Molecules once thought to be harmful metabolic byproducts may play important roles in early development and gene regulation, according to a new study published today. nature It challenges decades of biochemical assumptions.
In this study, Northwestern Medicine researchers discovered that L-2-hydroxyglutarate (L-2-HG), a compound previously associated with a rare metabolic disease, functions as a signaling molecule that helps regulate gene expression and supports normal growth in mice.

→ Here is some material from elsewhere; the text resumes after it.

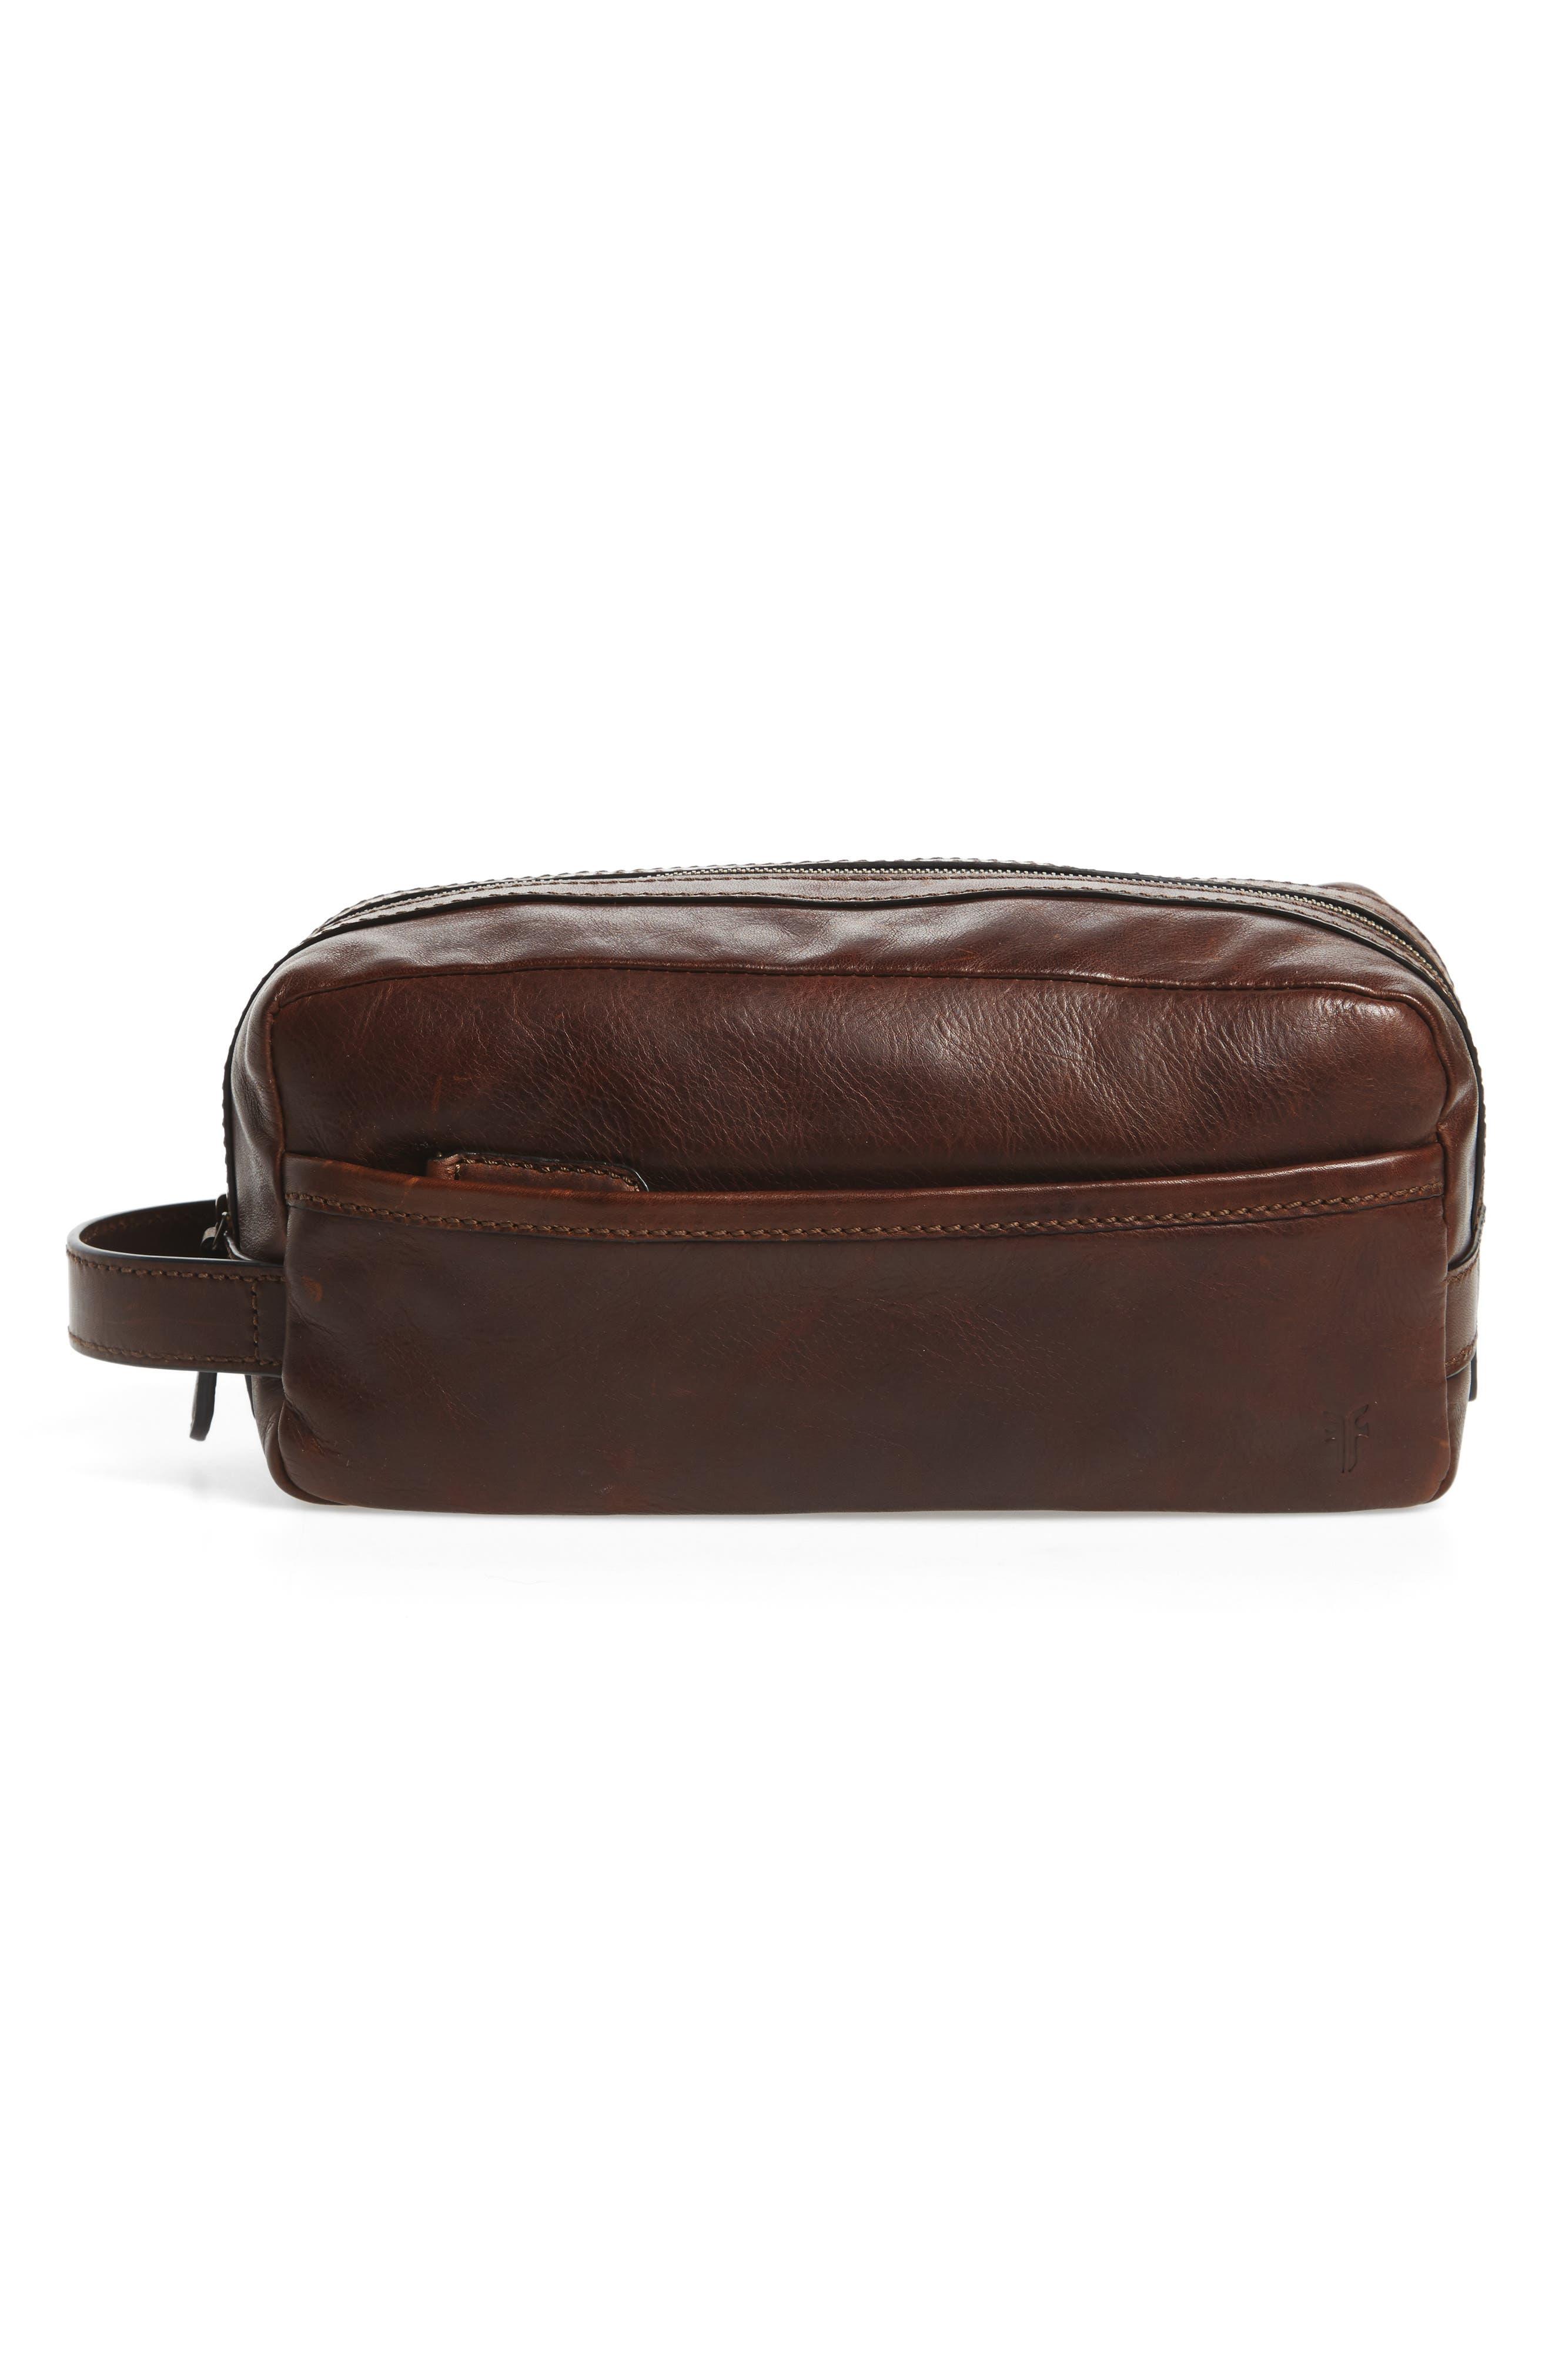 'Logan' Leather Travel Kit,                         Main,                         color, DARK BROWN

The findings suggest that some metabolites once thought to be purely toxic may have important physiological functions, said Navdeep Chander, Ph.D., professor of biochemistry and molecular genetics and senior author of the new study.
“This metabolite was previously described as a toxic metabolite and not part of normal physiology,” said Chandel, who is also the David W. Kugel, MD, professor of medicine in the Division of Pulmonary and Critical Care Medicine and Chan Zuckerberg Initiative investigator. “In this case, we found that it is involved in kidney development.”
For many years, L-2-HG was primarily considered a metabolic waste product. In healthy cells, this molecule is kept at very low levels by an enzyme called L-2-HG dehydrogenase (L2HGDH), which converts it to another compound, 2-oxoglutarate. When this process fails in humans, the resulting accumulation of L-2-HG causes neurological disorders in rare cases.
For this reason, scientists have mainly treated L-2-HG as a harmful byproduct. But new research has reconstructed that story.
“We generally think it’s all about our genes, right? Sometimes we turn on genes, and sometimes we turn genes off,” says Chandel. “And then there’s metabolism. It’s just for energy. What we discovered is that mitochondria can also determine these genetic responses. Mitochondria are not just passive players.”
To determine how L‑2‑HG functions, researchers mapped L‑2‑HG interactions with proteins and discovered that L‑2‑HG targets a family of enzymes that modulate gene activity by modifying chromatin.
The researchers, in collaboration with the lab of study co-author Dr. Ali Shilatifard, the Robert Francis Ferchgott Professor of Biochemistry and Molecular Genetics and director of the Simpson Query Epigenetics Laboratory, discovered that L-2‑HG inhibits the KDM4 family of demethylases and increases histone H3K9me3, a repressive histone mark that shuts down gene transcription. At specific sites.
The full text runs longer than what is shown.